Asked if he could imagine a situation in which the Post would place a blanket ban on journalists’ interacting with investigators, Coll is blunt: "Yeah, I can. I don’t know that we’d have an absolute policy, but we would spend more time policing the interaction of our reporters with investigators, just as we do with [reporters who work] with the police. A well-educated reporter is aware of the obvious perils of being in possession of materials of possible interest [to law-enforcement officials]. The situation has analogies that are not wildly off base."

Faced with a future of journalists fighting off international-tribunal subpoenas and news organizations blocking their reporters from talking to investigators, a strong case can be made that ICTY and other tribunals should institute clear rules to govern the interaction of international courts with journalists.

The Appeals Chamber of the ICTY will hear Randal’s case on October 4 in The Hague. But ICTY spokesperson Jim Landale says that no one should expect separate guidelines like those of the US Department of Justice to be issued by the court.

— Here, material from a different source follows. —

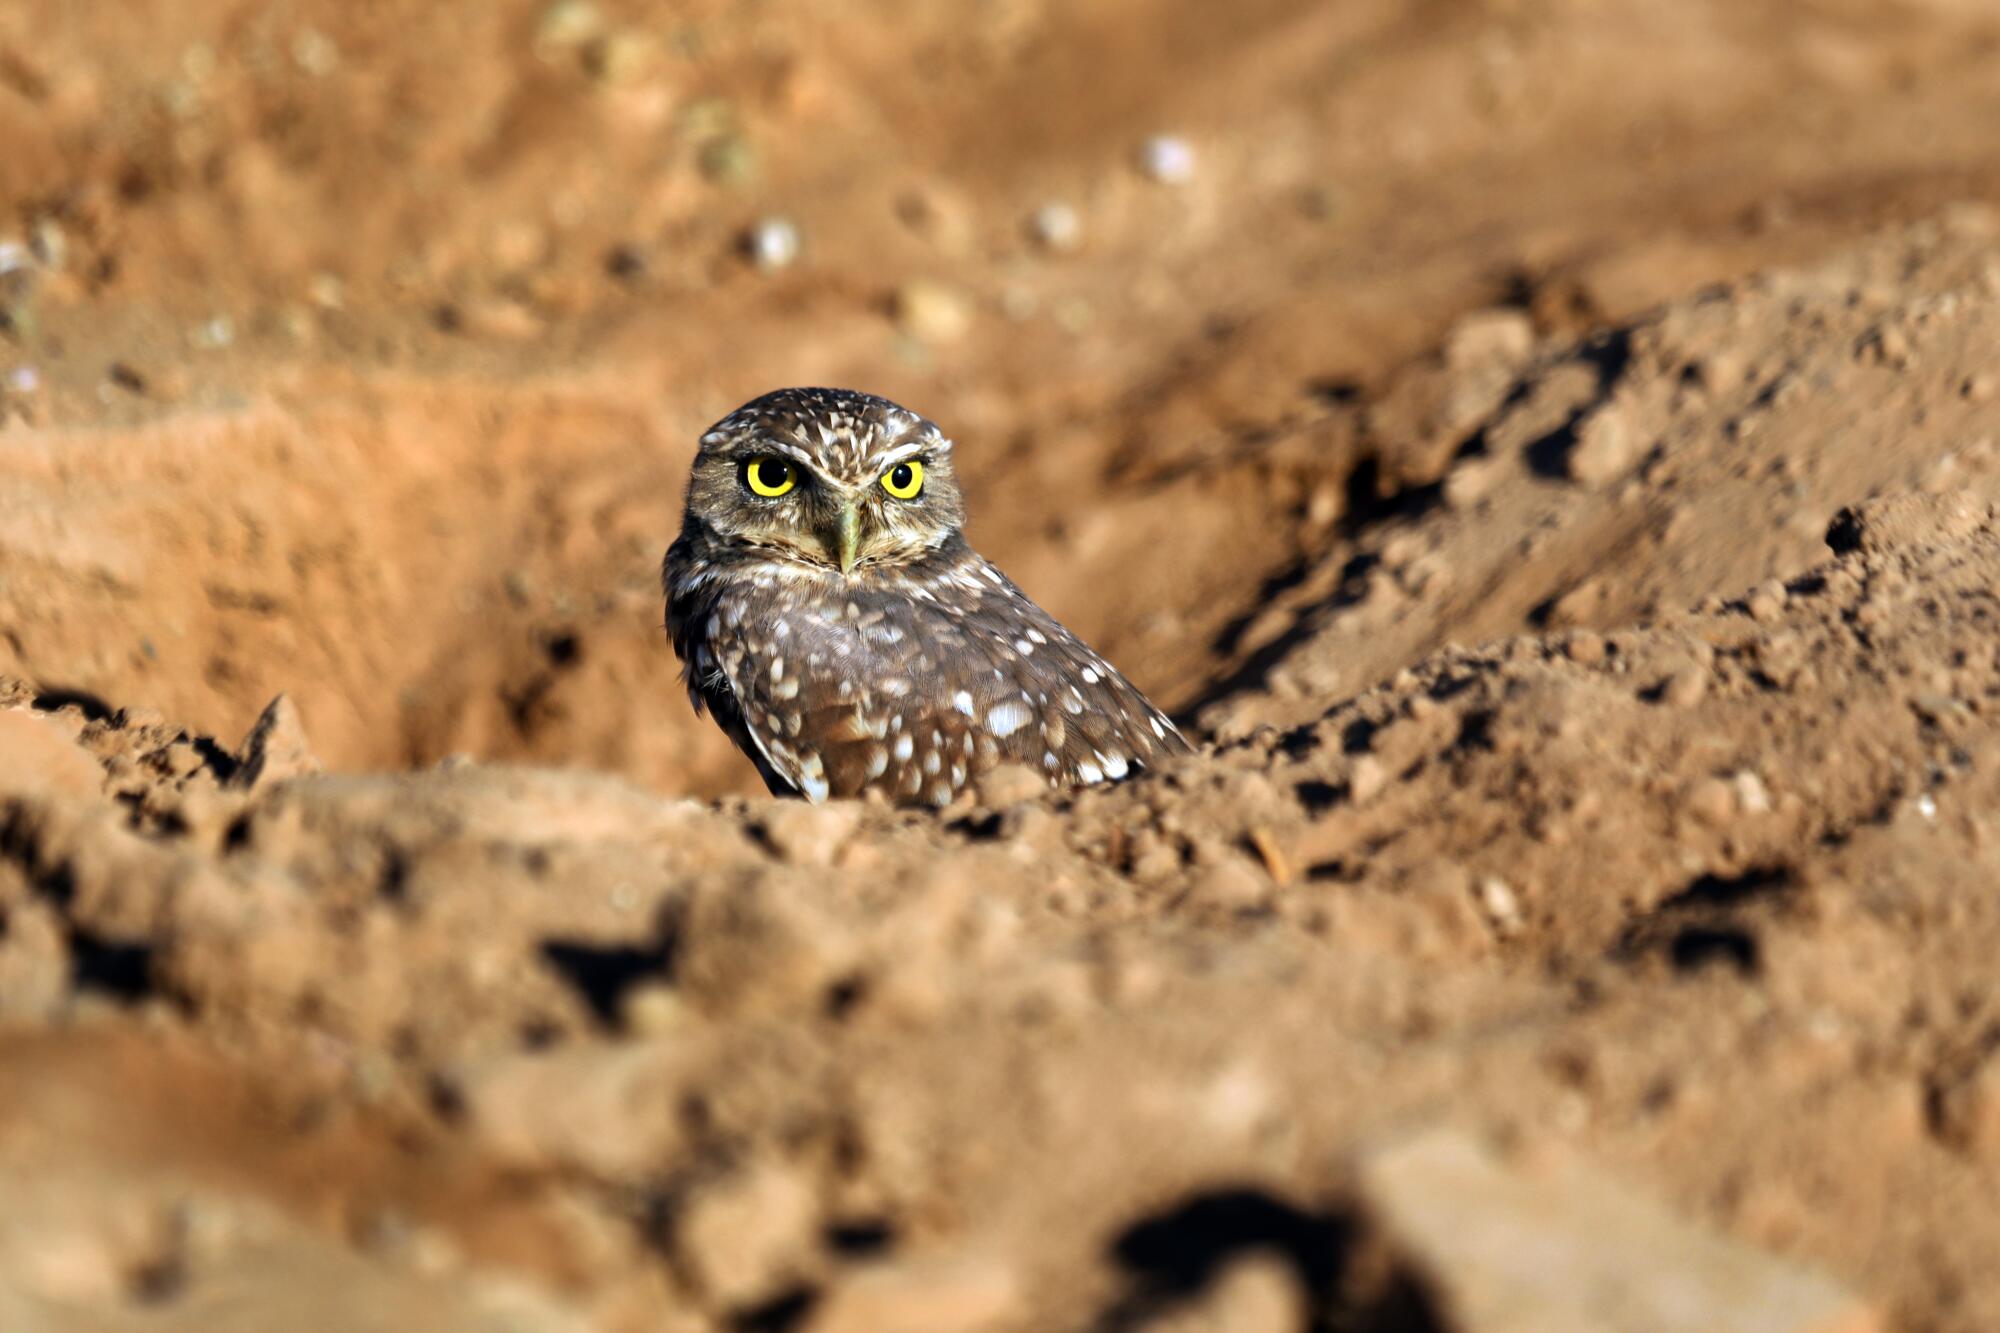 A burrowing owl, brown with white spots and bright yellow eyes, in a dirt landscape.
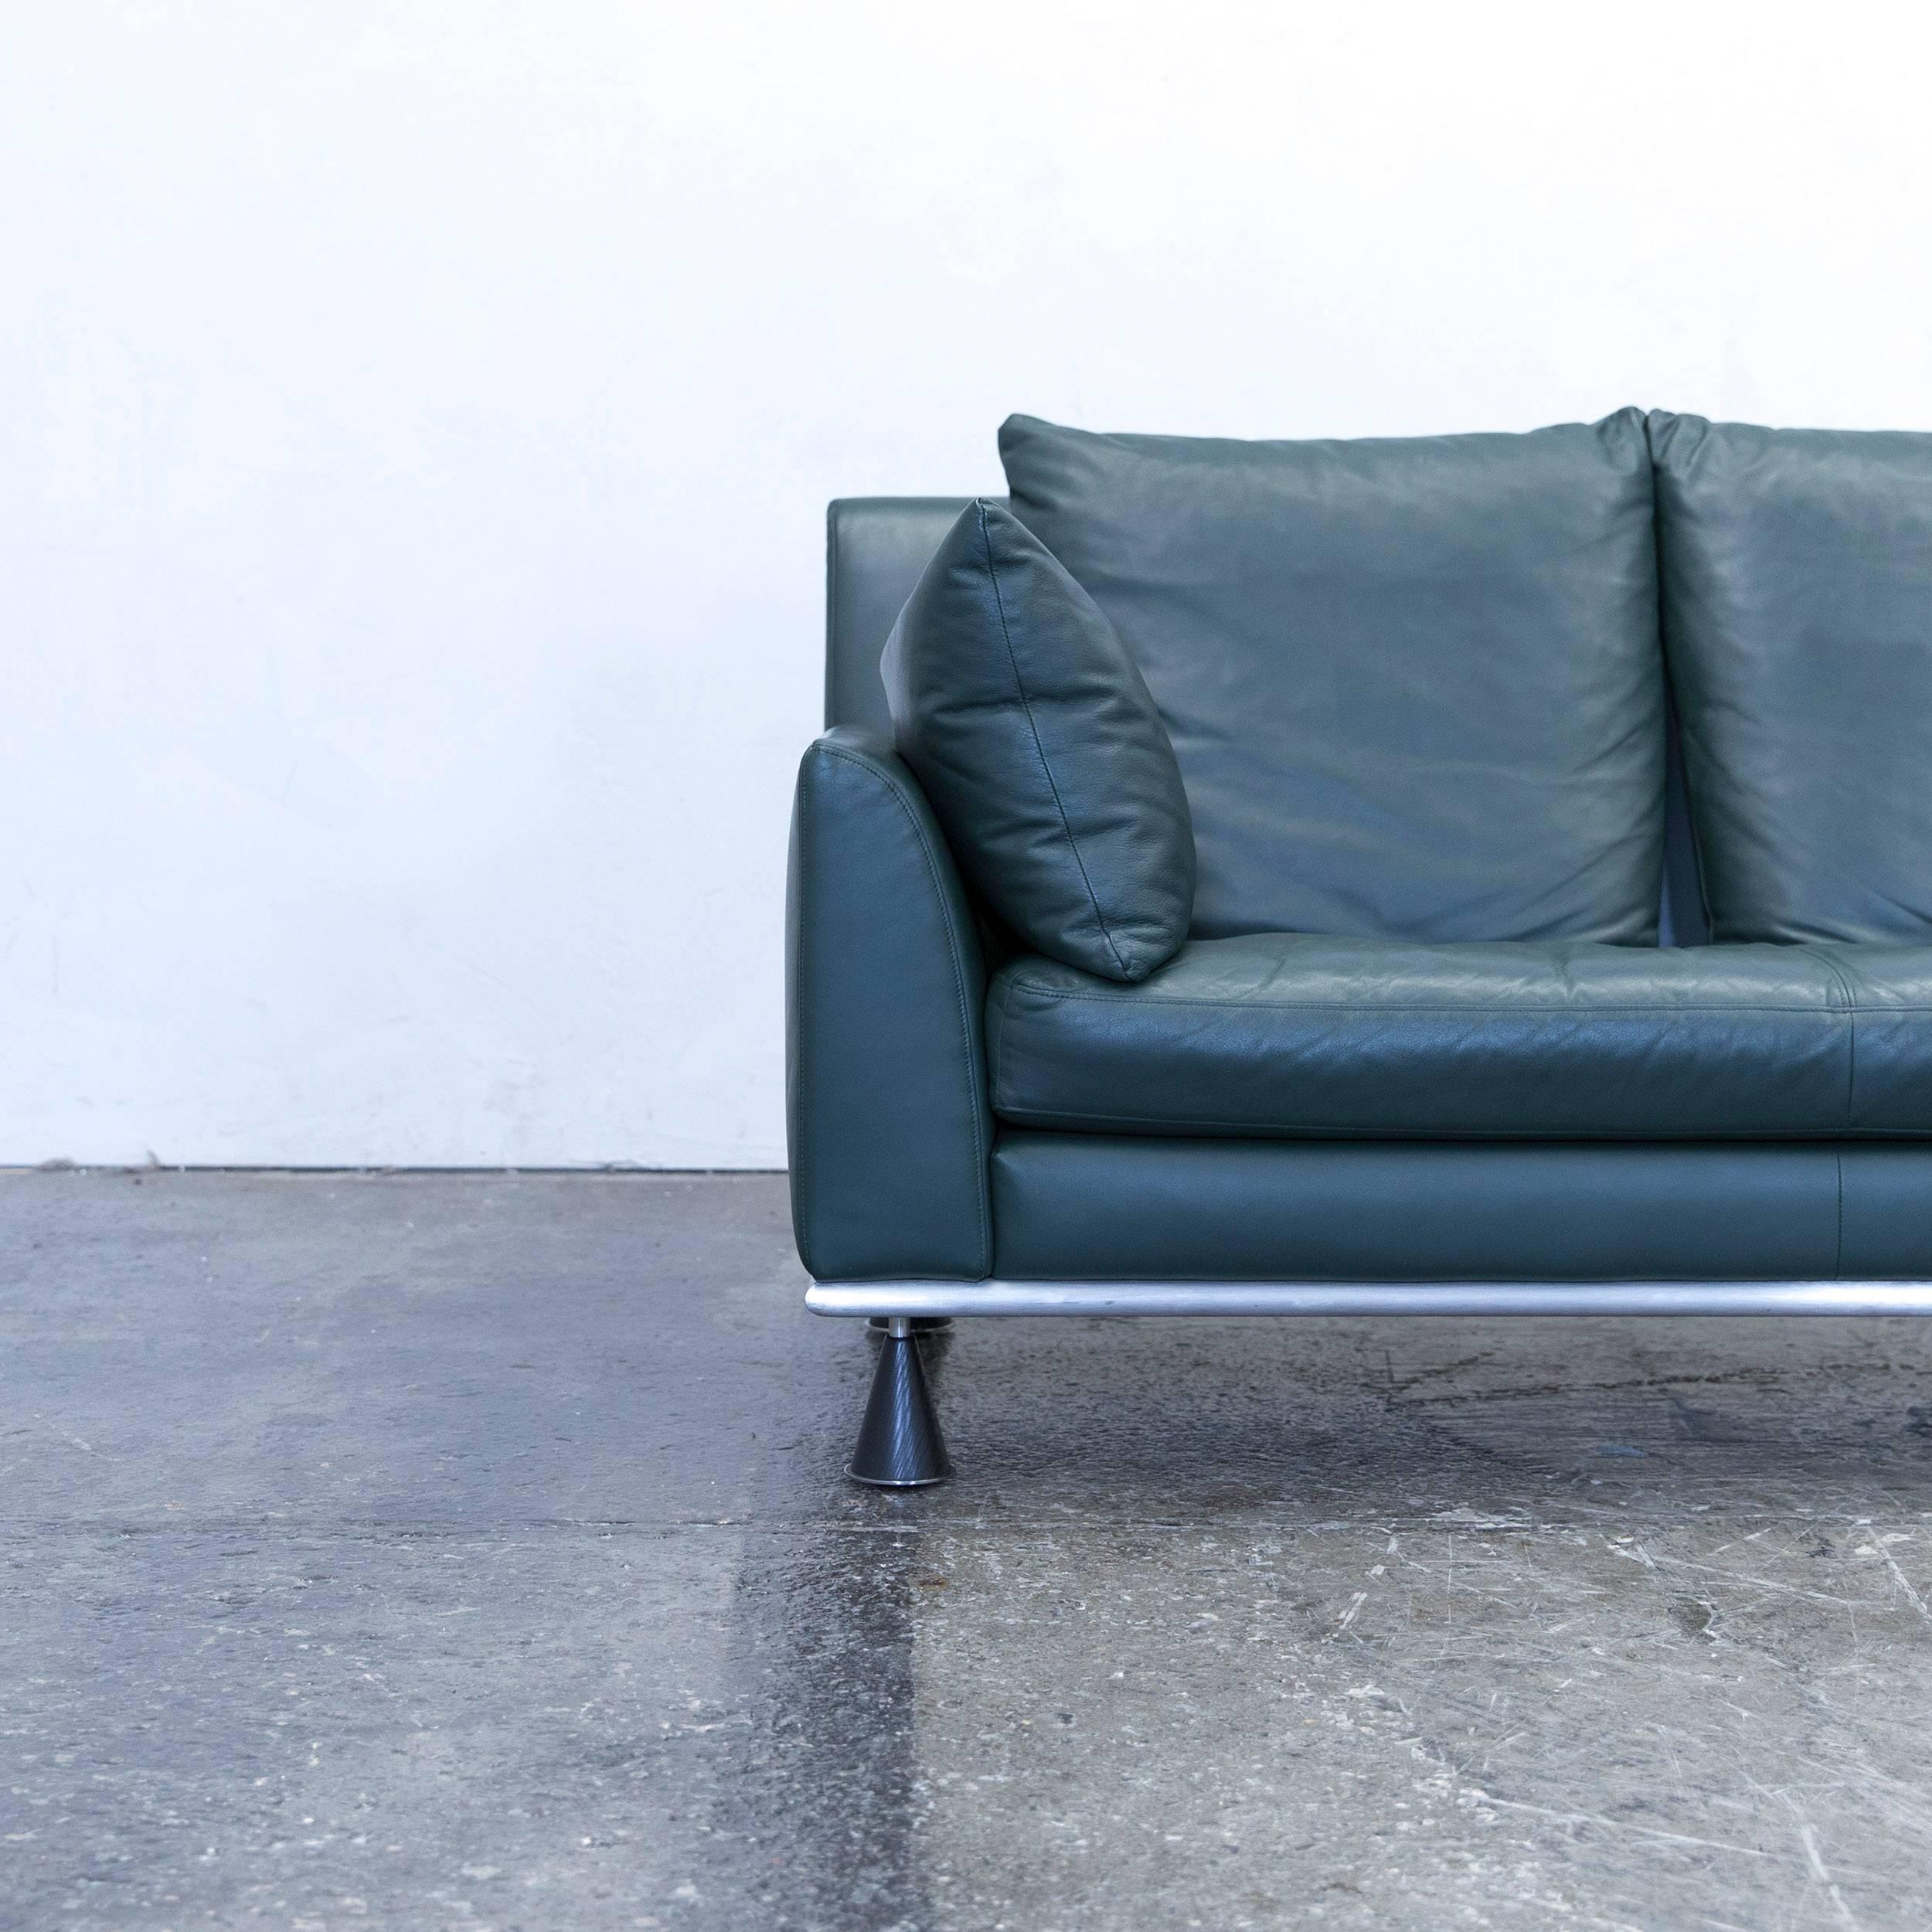 Green colored original Rolf Benz designer leather sofa in a minimalistic and modern design, made for pure comfort.

"I don’t think there will be any formal guidelines as such, aside from the ruling," says Landale. "I can’t guess or predict. That’s up to the judges."

On reflection, the transatlantic tussle over the testimony of journalists has all the hallmarks of a useless turf war. War-crimes tribunals need the bravery of journalists who uncover crimes. Journalists need a legal framework within which they can do their jobs and serve the public good.

The ICTY could lower the temperature by stepping back from the particular frustrations posed by the Randal case and reassessing the issue of journalists’ roles at the court.

A consensus supporting such a reexamination exists across the Atlantic as well as in the US. "I don’t see what makes state officials and [United Nations Protection Force] commanders so special," says Rowland. "Hey, let’s exempt DJs and beauticians as well. Given the brouhaha, controversy, and strong feelings provoked by the Randal case, and the general issue of journalists testifying, it does look as if the ICTY is going to have to look again at how it deals with journalists as potential witnesses."

Taking the time to offer protections to all journalists -- who share risks quite similar to those of the Red Cross and peacekeepers -- might also pay dividends for the future of international justice.